Top of SOURCE MATERIAL
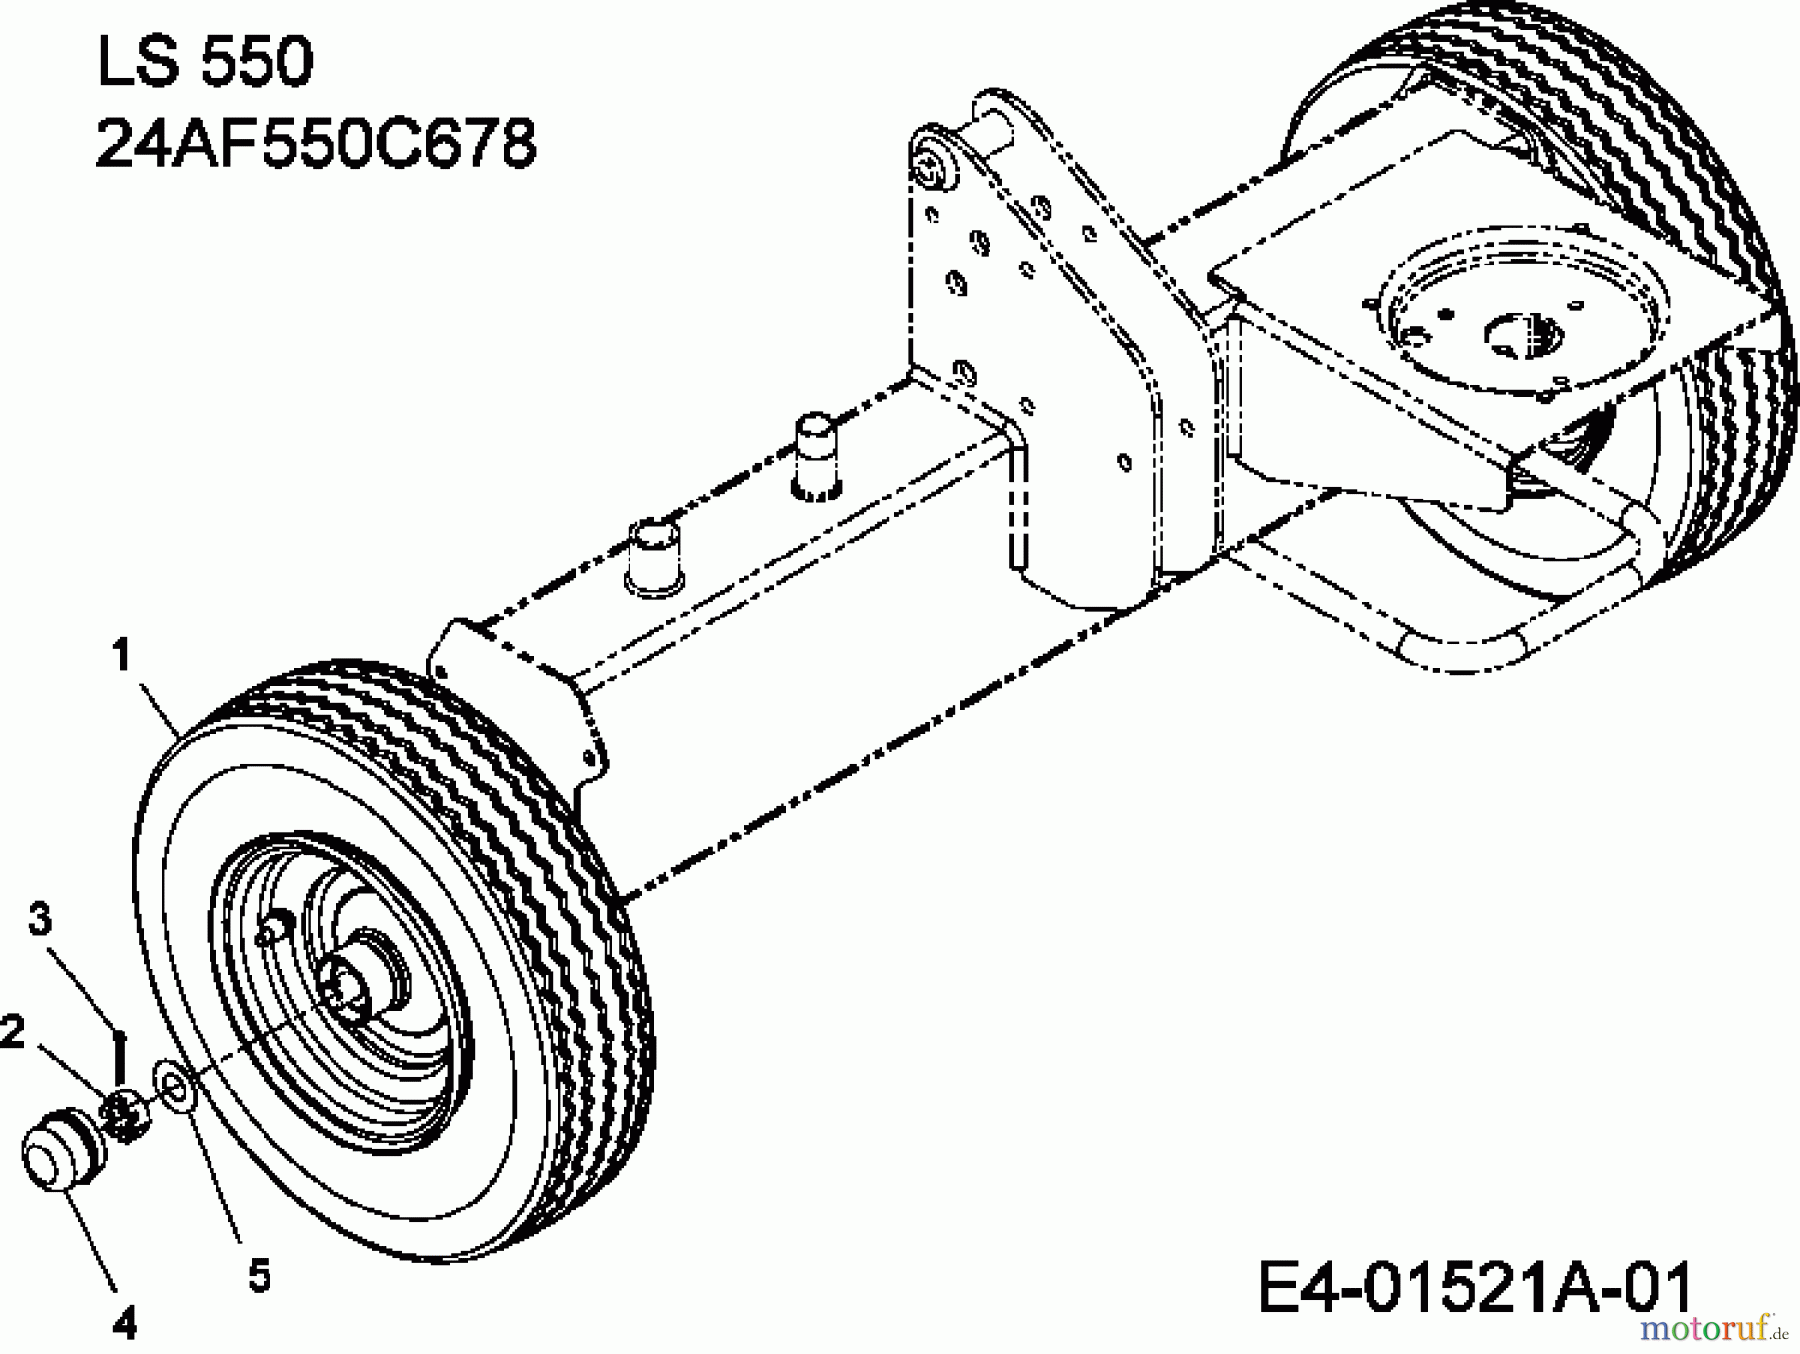  MTD Log splitter LS 550 24AF550C678  (2008) Wheels
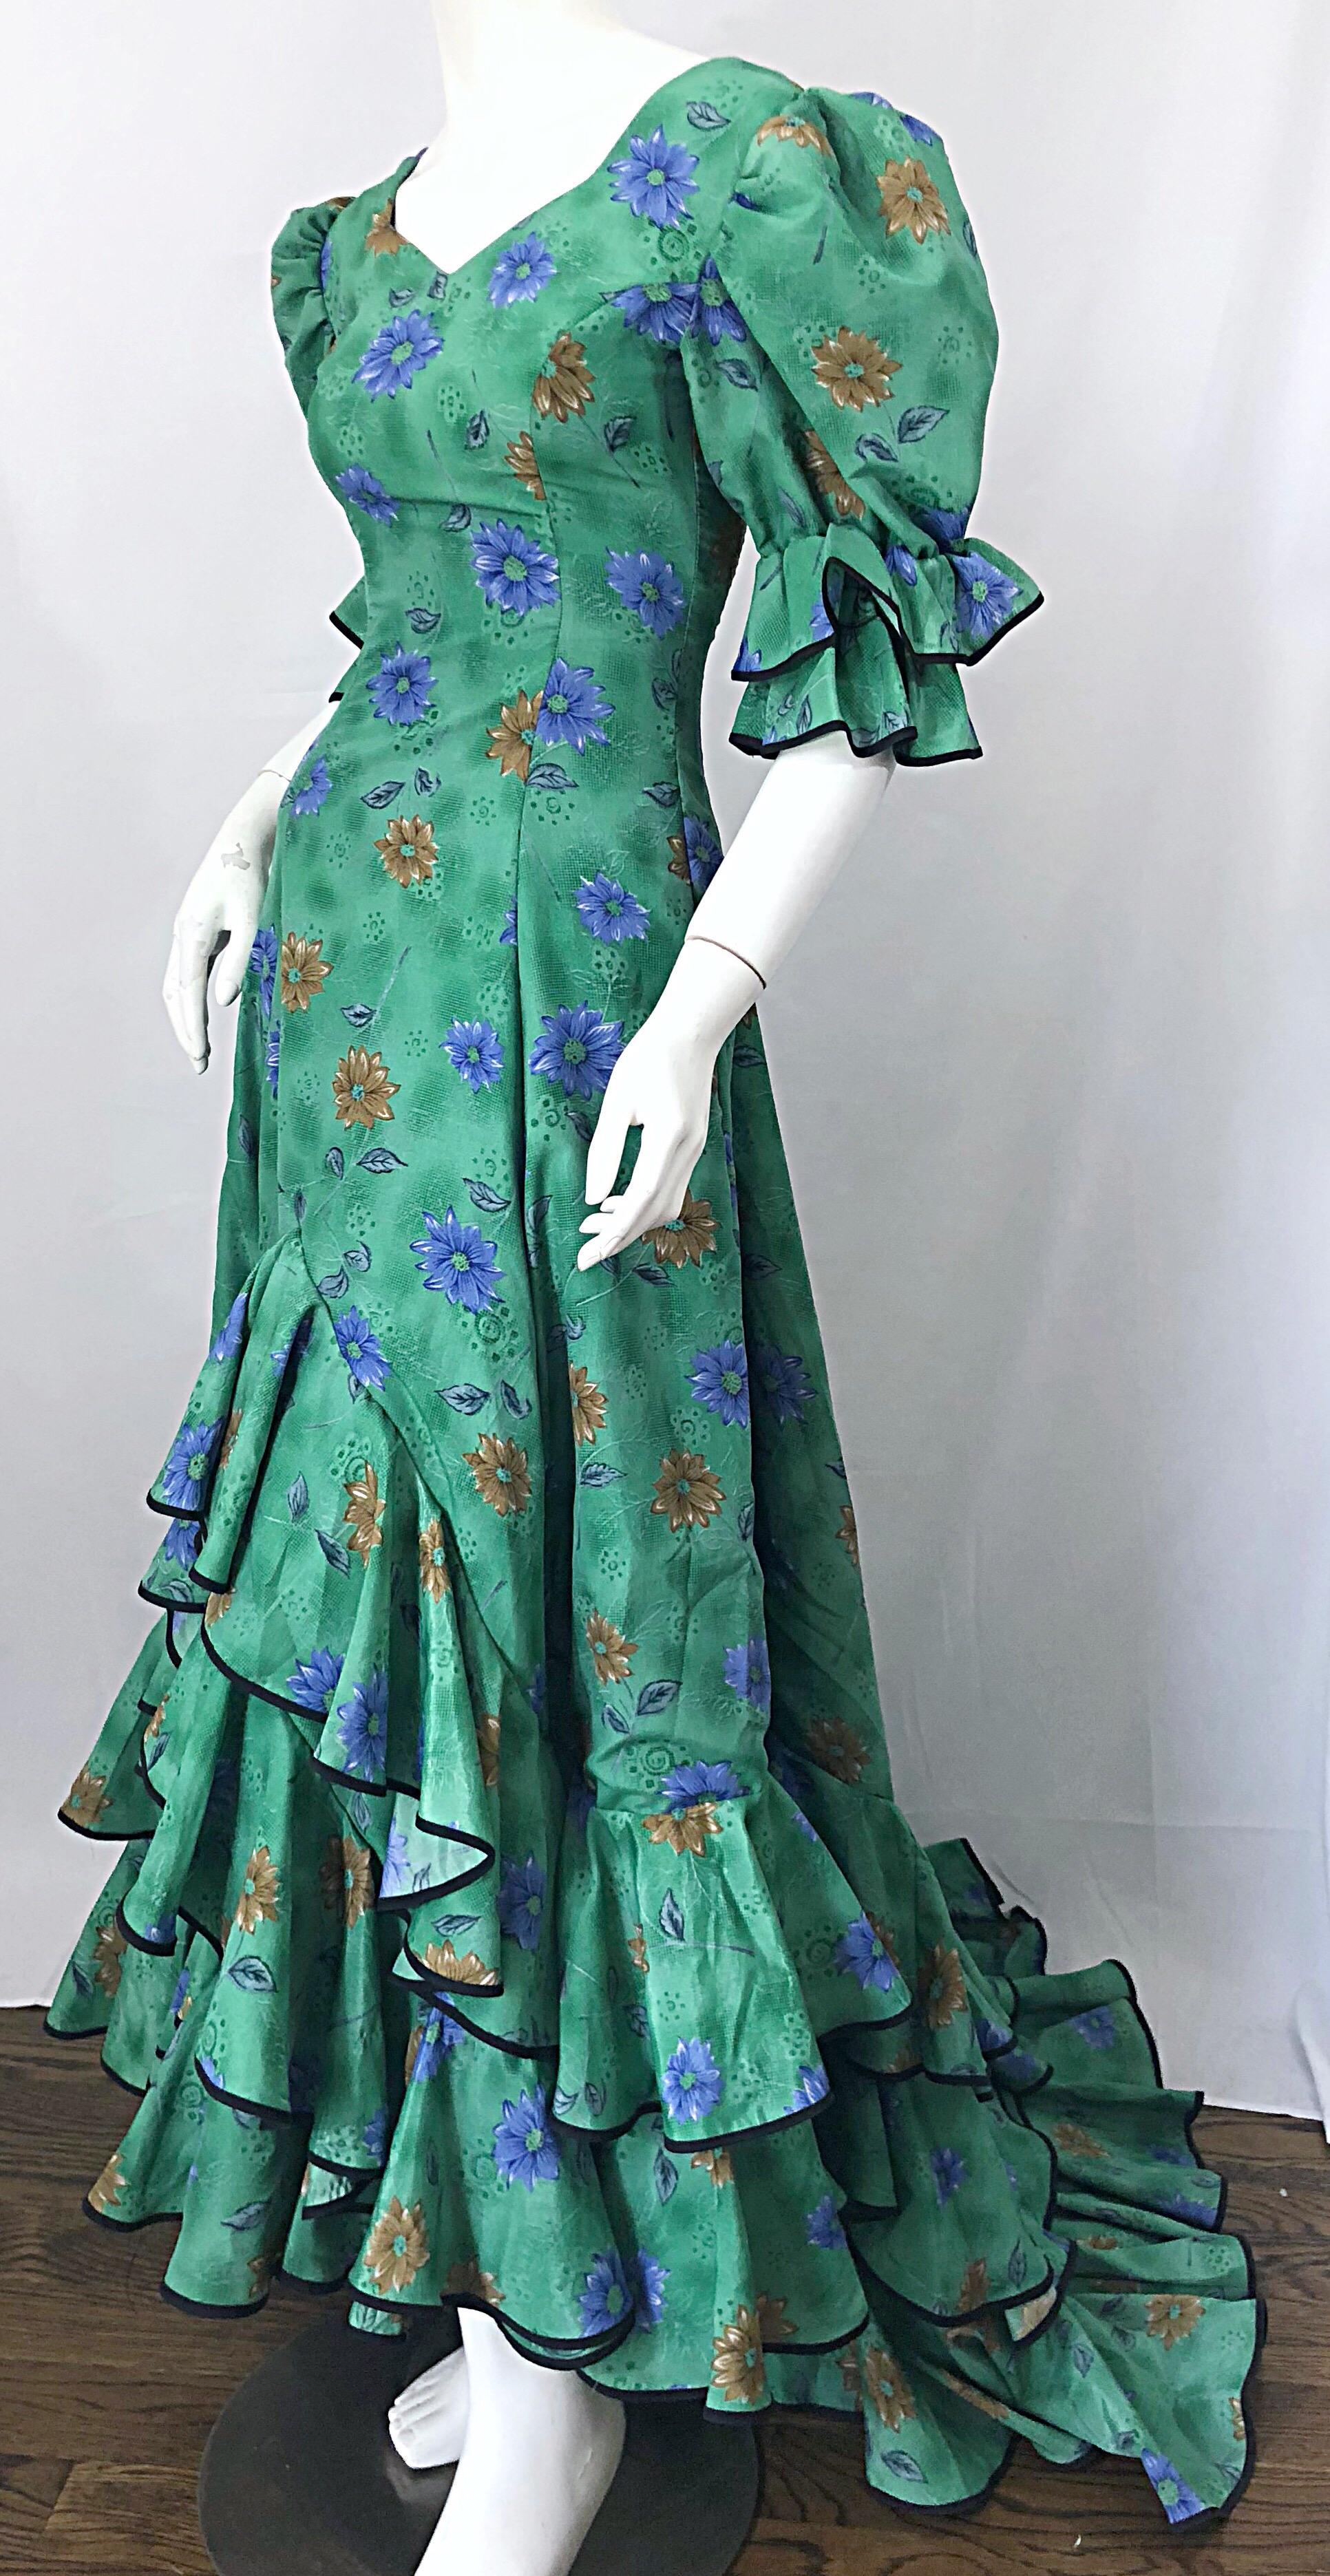 1800s inspired dresses
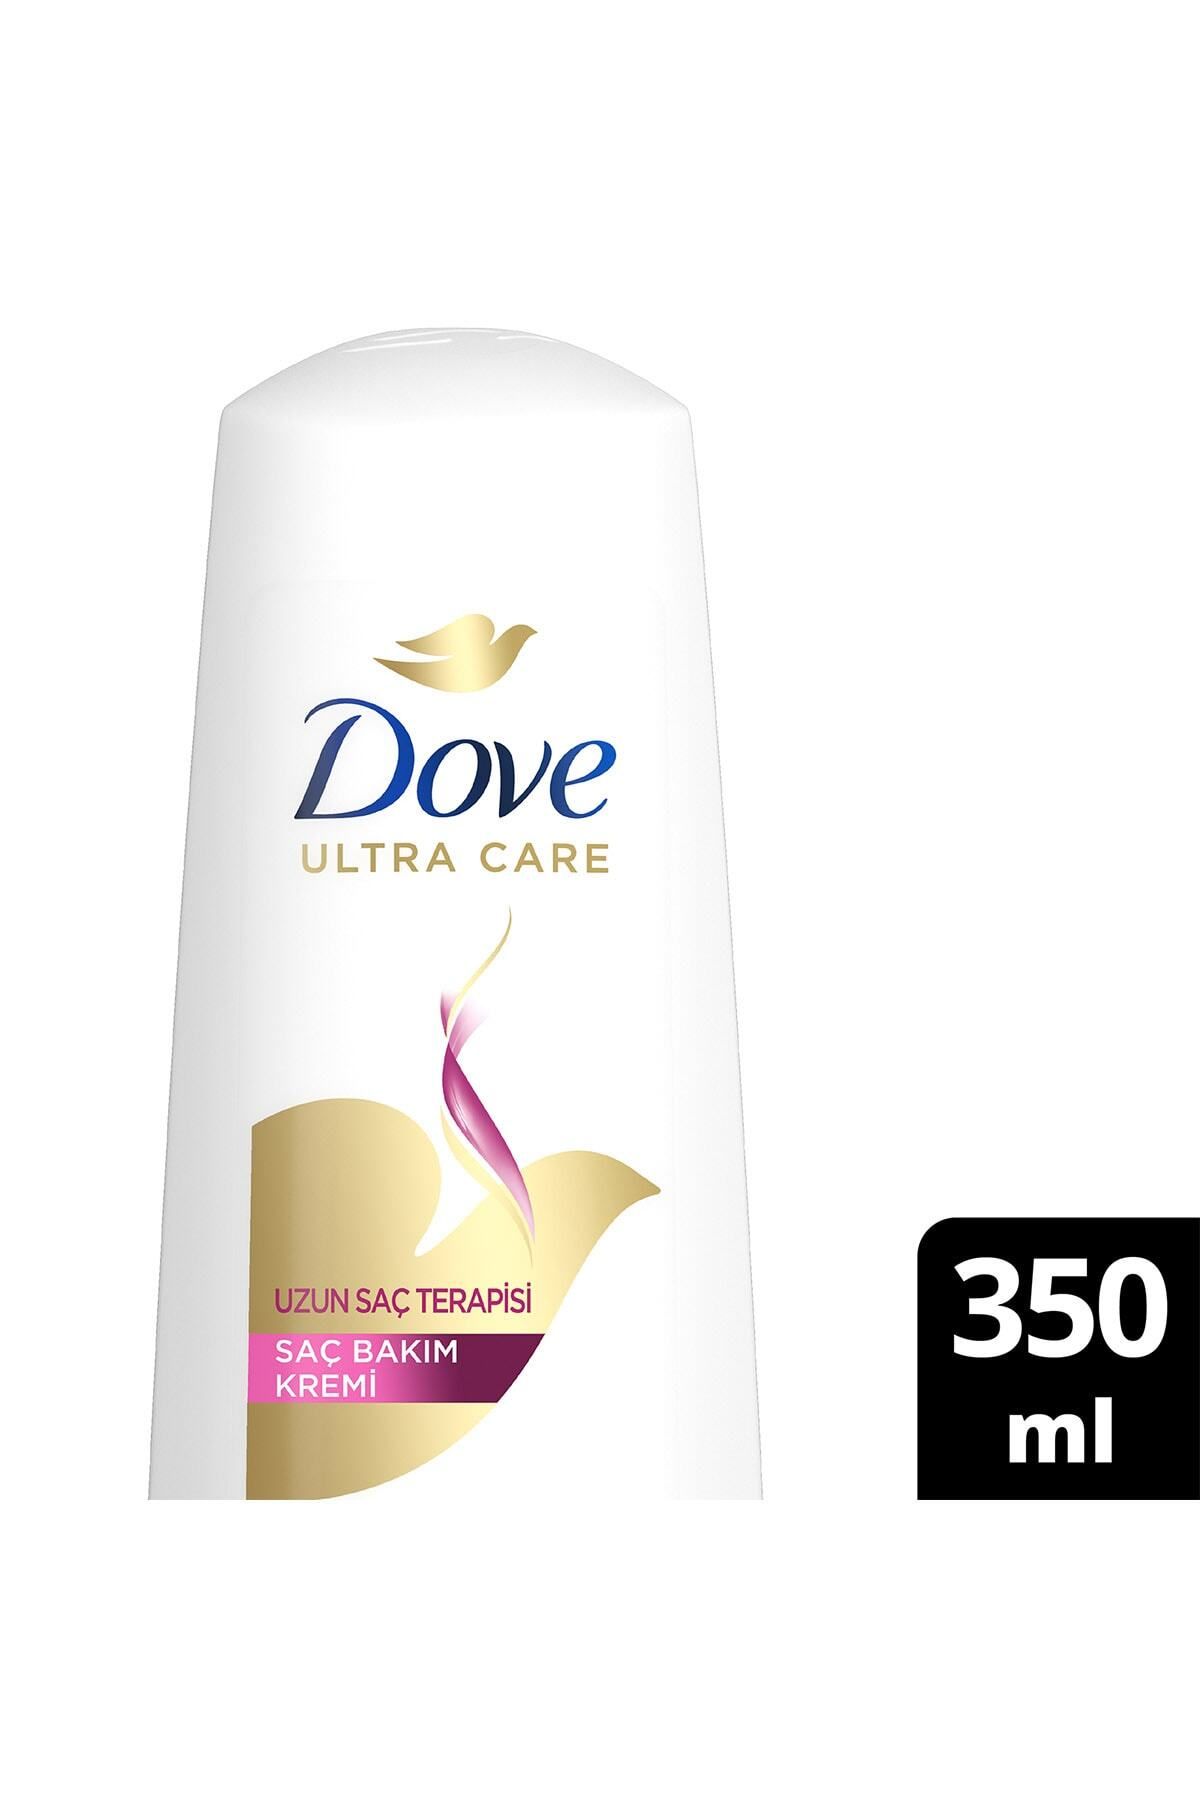 Dove Ultra Care Saç Bakım Kremi Uzun Saç Terapisi Uzun Yıpranmış Saçlar Için 350 ml
Bottom of SOURCE MATERIAL
| EXERCISE PROMPT |
Every line in the data above needs to be given again exactly, pictures aside.

| EXERCISE ANSWER |
  MTD Log splitter LS 550 24AF550C678  (2008) Wheels
 1800s inspired dresses
 Dove Ultra Care Saç Bakım Kremi Uzun Saç Terapisi Uzun Yıpranmış Saçlar Için 350 ml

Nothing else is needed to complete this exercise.